Start of Block
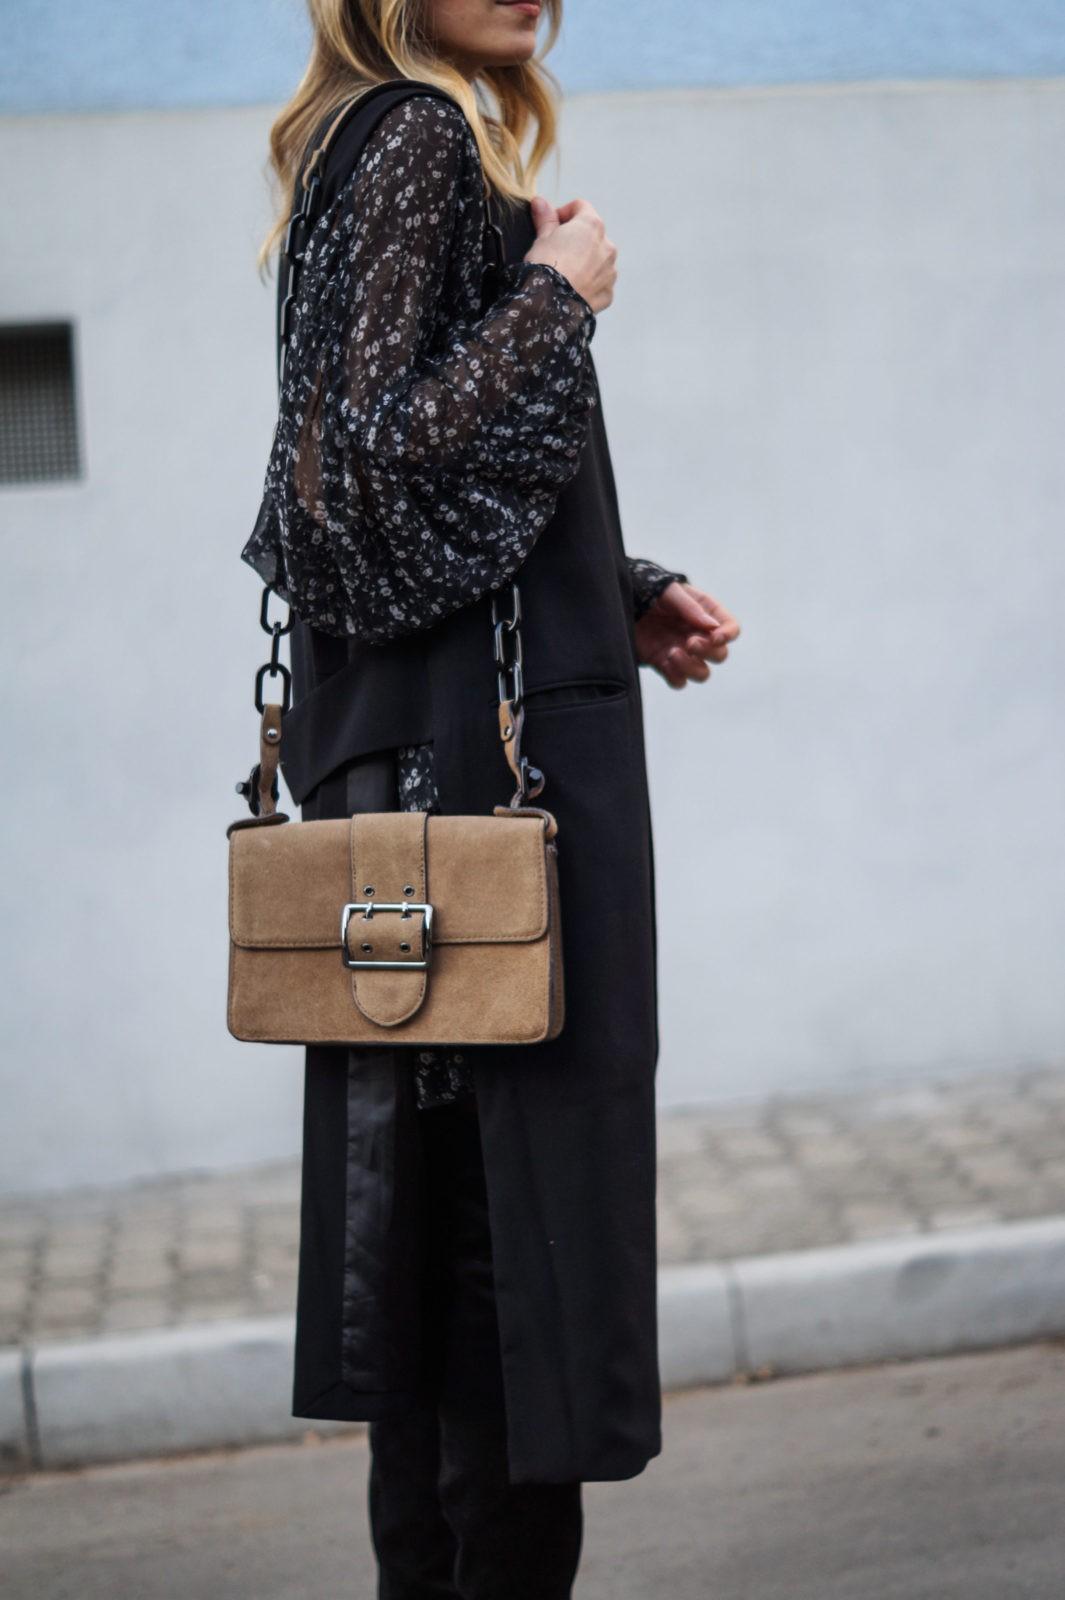 Fashionblogger Sariety Sarah Czok Modeblog Heidelberg Romper Dress Zara  Minikleid overknees blümchenkleid schwarz outfit details tasche braun mango 601543d197
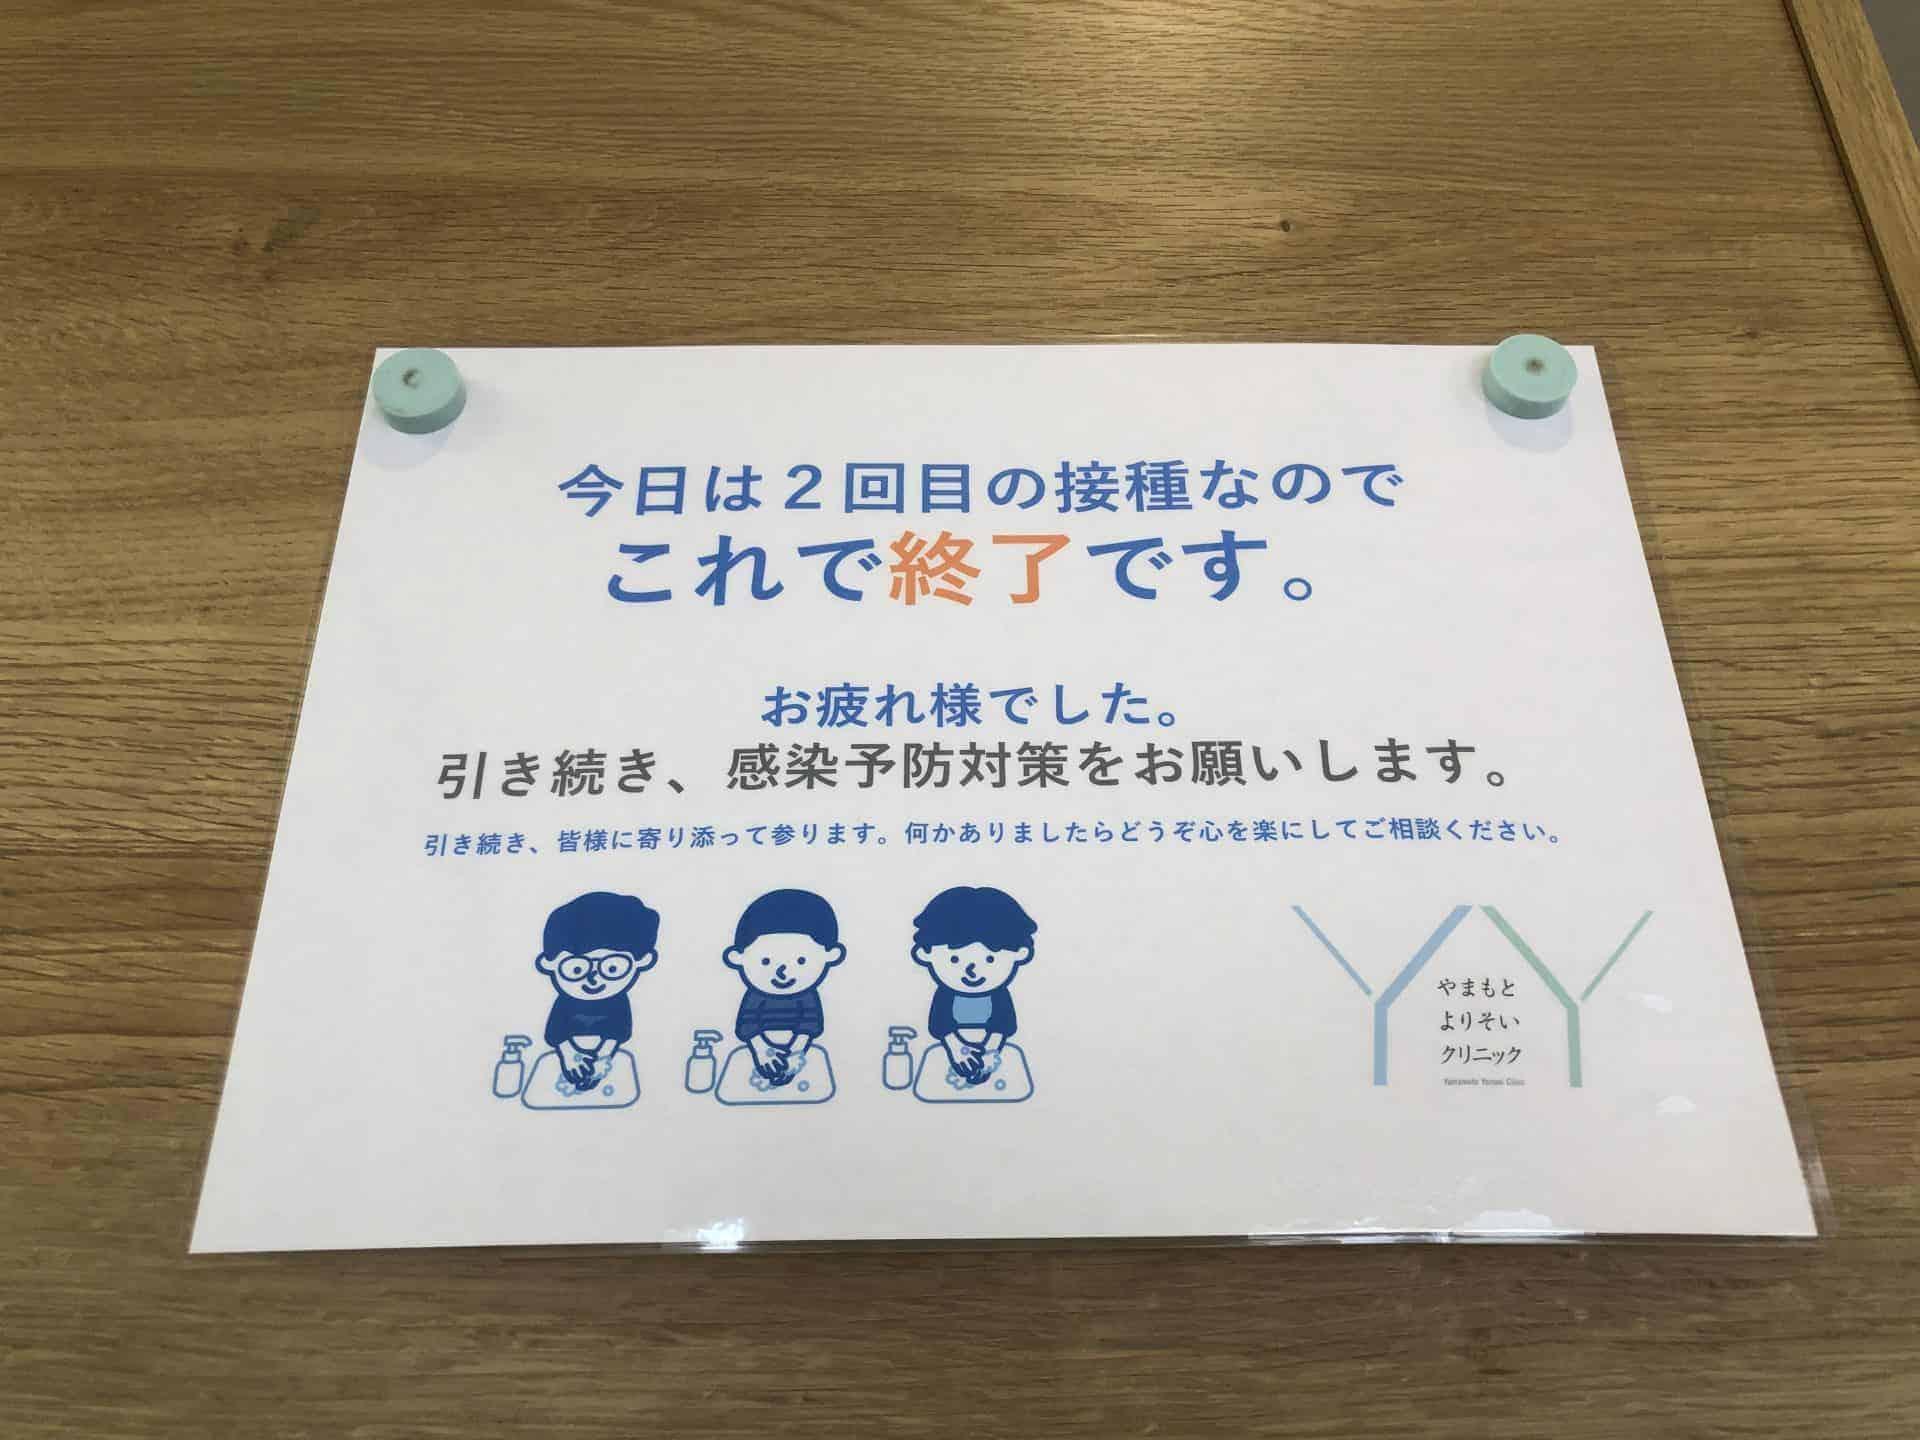 2回目の新型コロナワクチン接種された方へのポスター
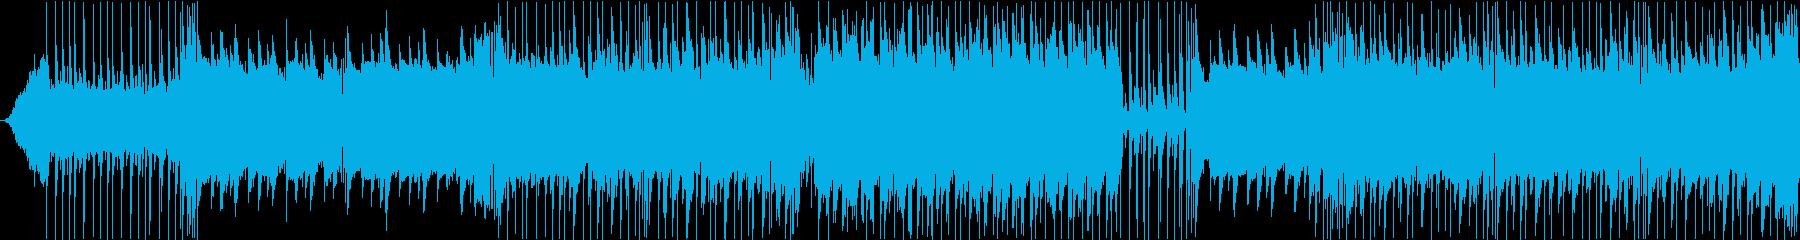 バトル形式イベントOP風テクノファンクの再生済みの波形
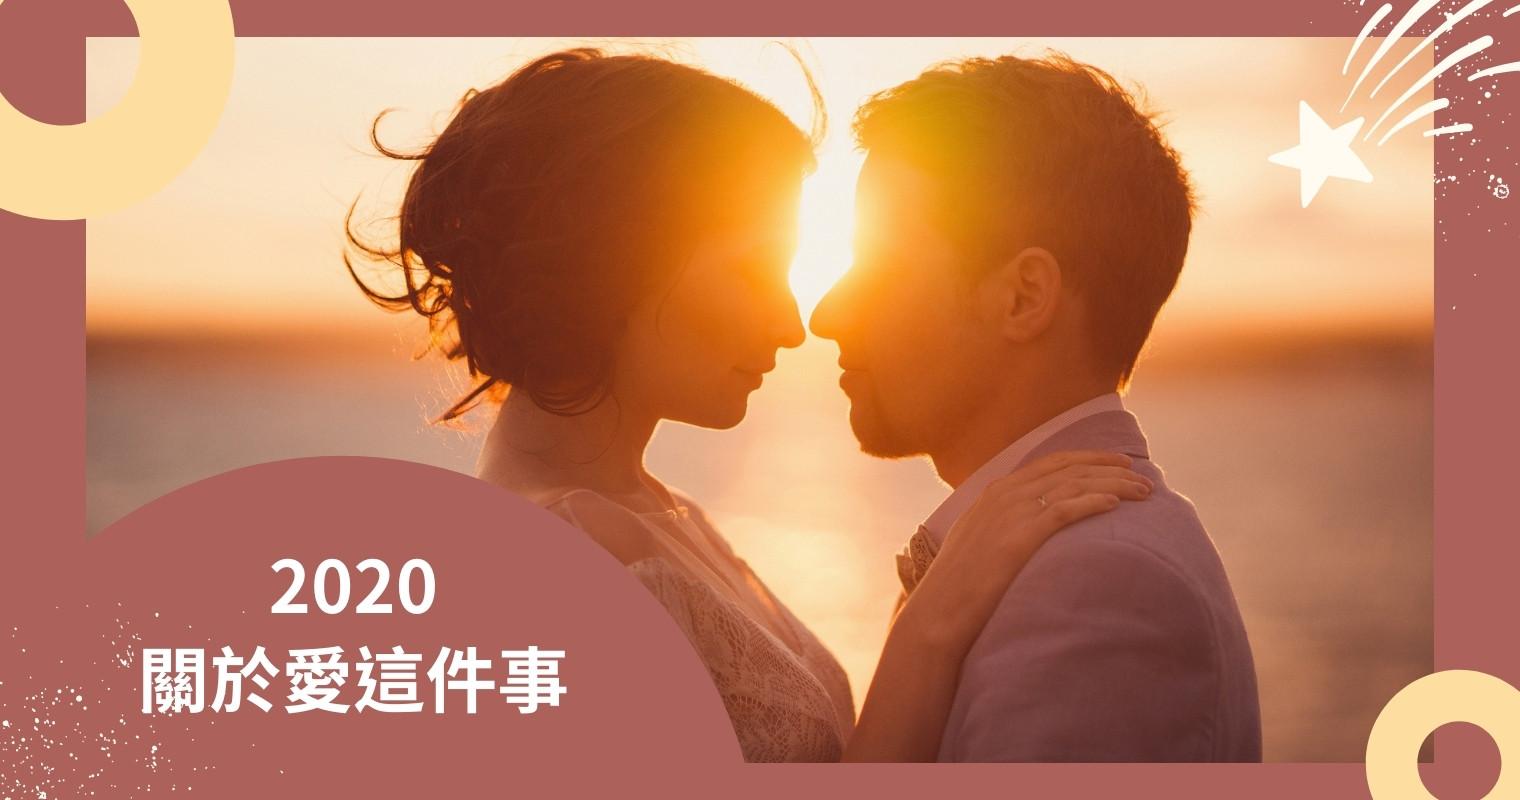 兩性關係 2020關於愛這件事
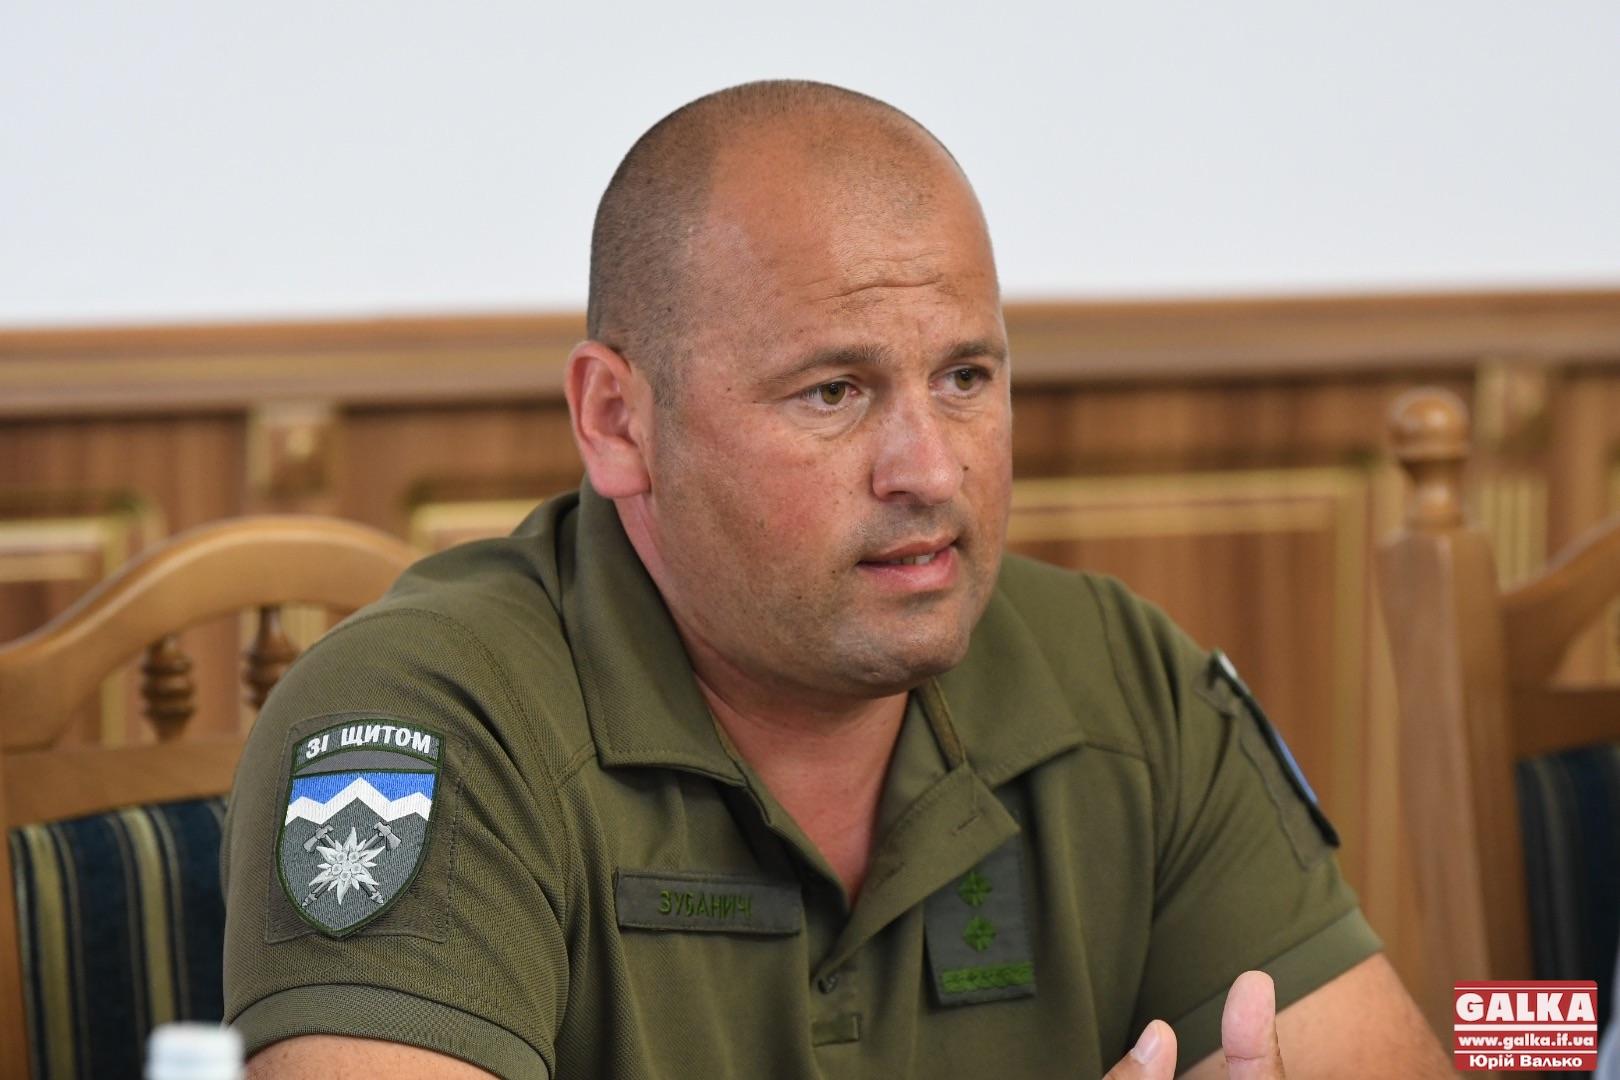 Герой України Василь Зубанич залишив посаду командира 10-ої гірсько-штурмової бригади
End of Block
__What to produce__: From the first record to the last, retype everything exactly except the images.

__Result below__:
 Fashionblogger Sariety Sarah Czok Modeblog Heidelberg Romper Dress Zara  Minikleid overknees blümchenkleid schwarz outfit details tasche braun mango 601543d197
 2回目の新型コロナワクチン接種された方へのポスター
 バトル形式イベントOP風テクノファンクの再生済みの波形
 兩性關係 2020關於愛這件事
 Герой України Василь Зубанич залишив посаду командира 10-ої гірсько-штурмової бригади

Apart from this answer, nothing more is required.